SUPPLIED DATA:

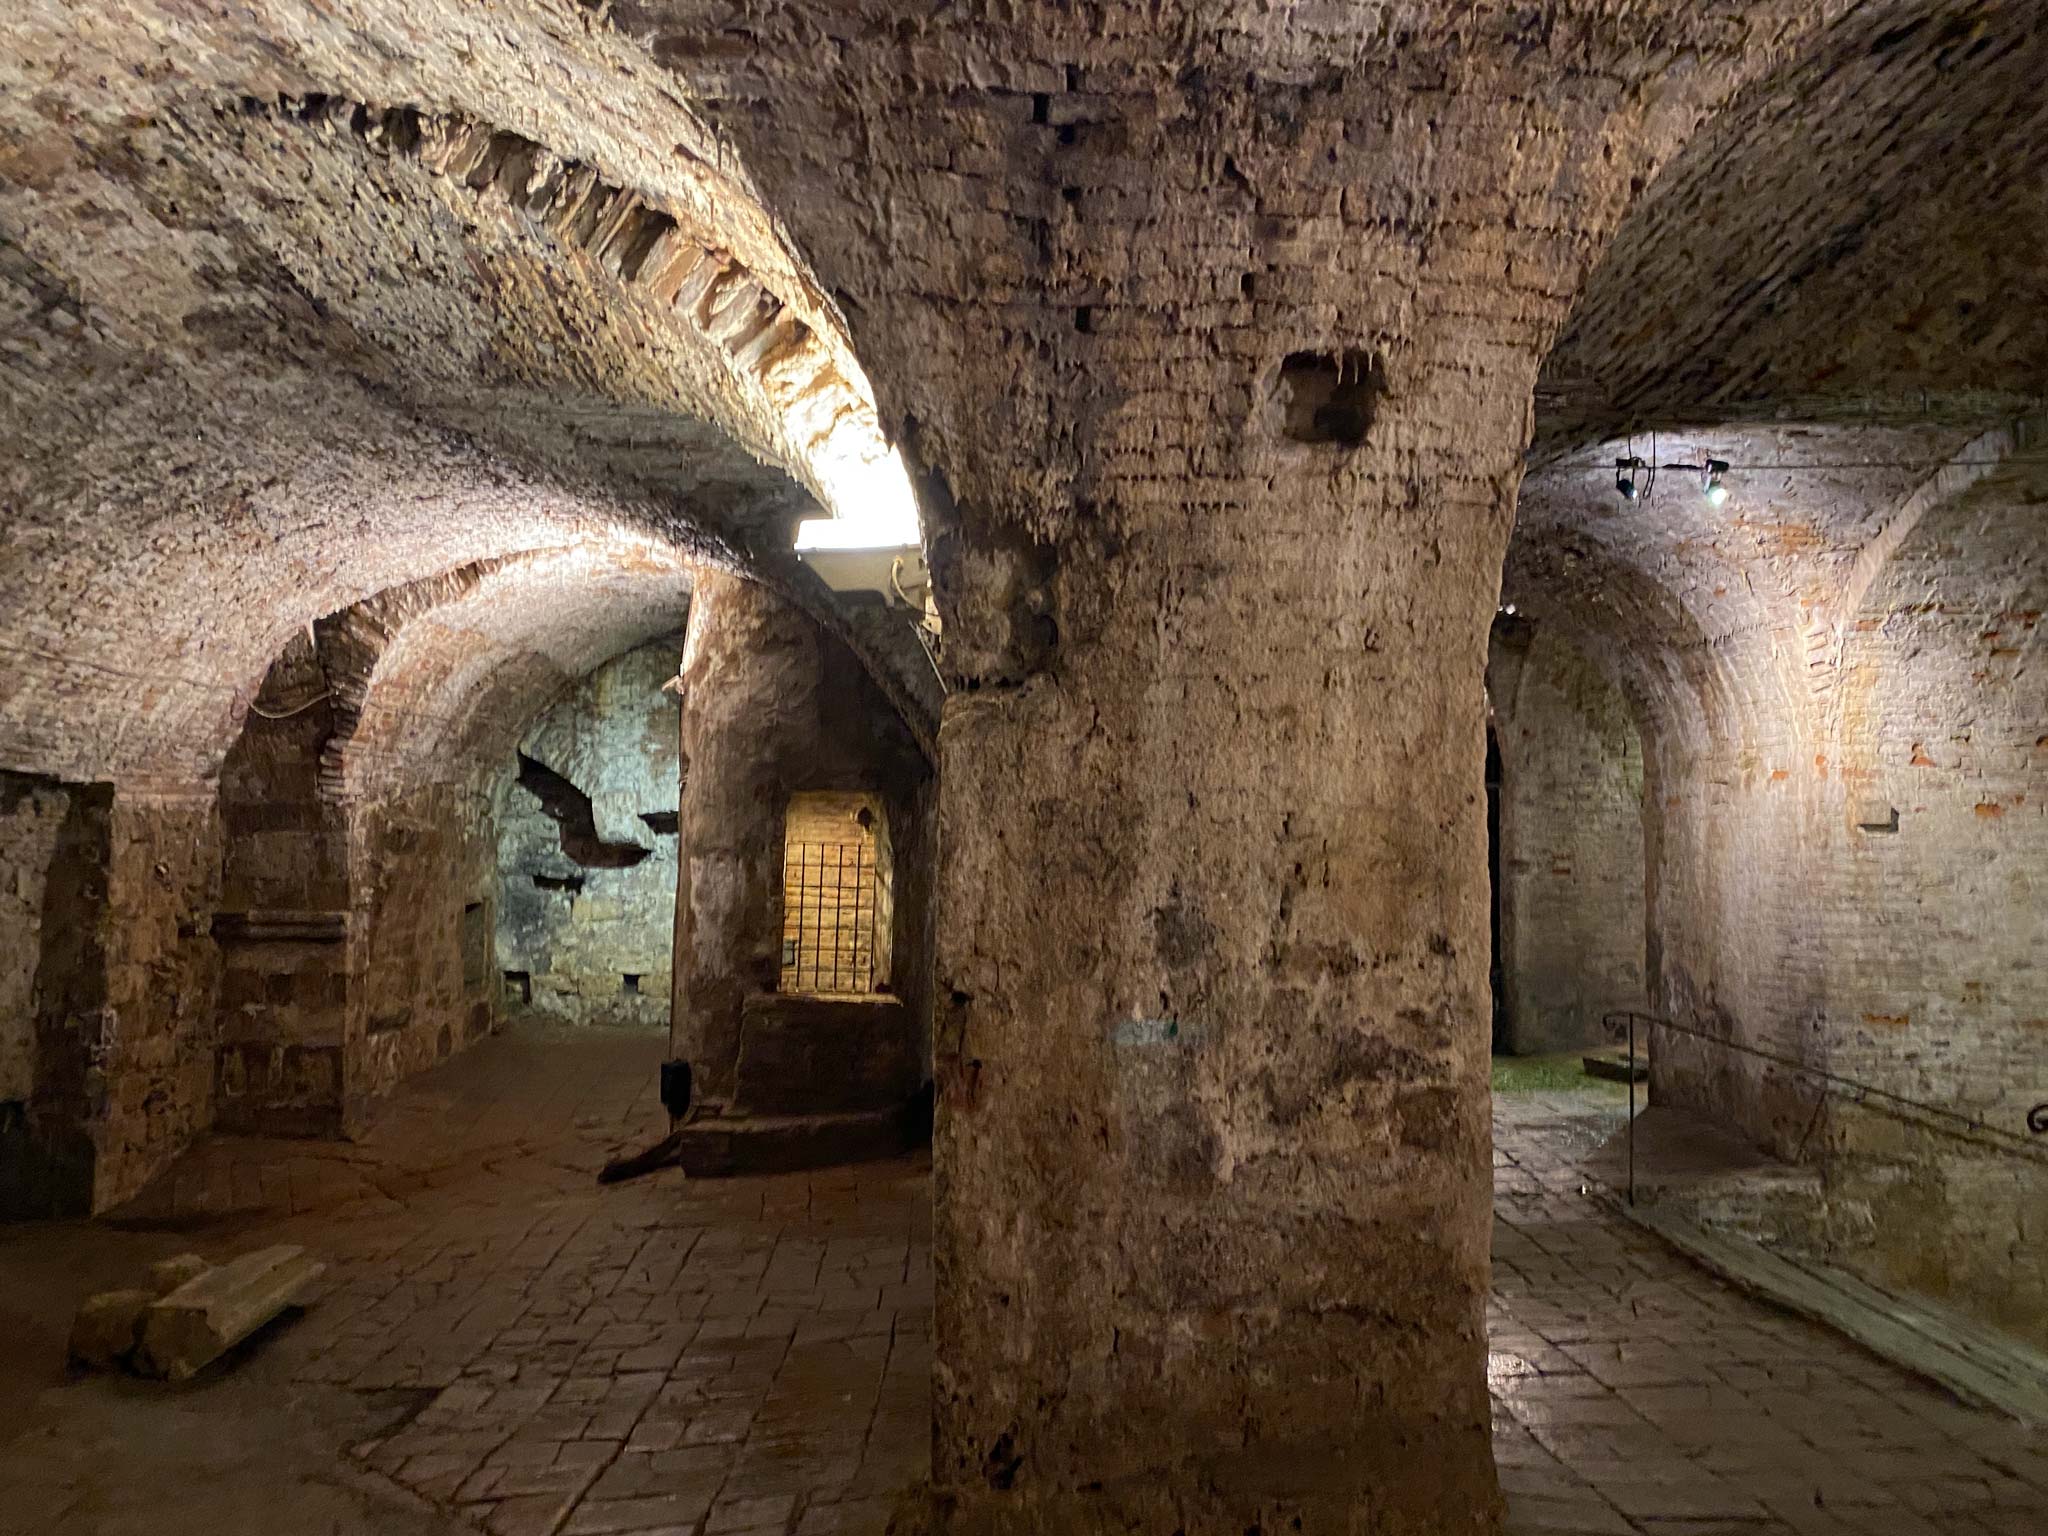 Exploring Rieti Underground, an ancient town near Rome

==

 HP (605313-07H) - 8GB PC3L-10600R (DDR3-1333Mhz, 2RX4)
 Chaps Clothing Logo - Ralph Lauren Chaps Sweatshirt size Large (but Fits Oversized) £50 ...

EXERCISE INSTRUCTIONS: Could you set down, word for word, only the lines above from the line with "HP (605313-07H) - 8GB" to the line with "Chaps Clothing Logo", including both?

COMPLETED TASK:
 HP (605313-07H) - 8GB PC3L-10600R (DDR3-1333Mhz, 2RX4)
 Chaps Clothing Logo - Ralph Lauren Chaps Sweatshirt size Large (but Fits Oversized) £50 ...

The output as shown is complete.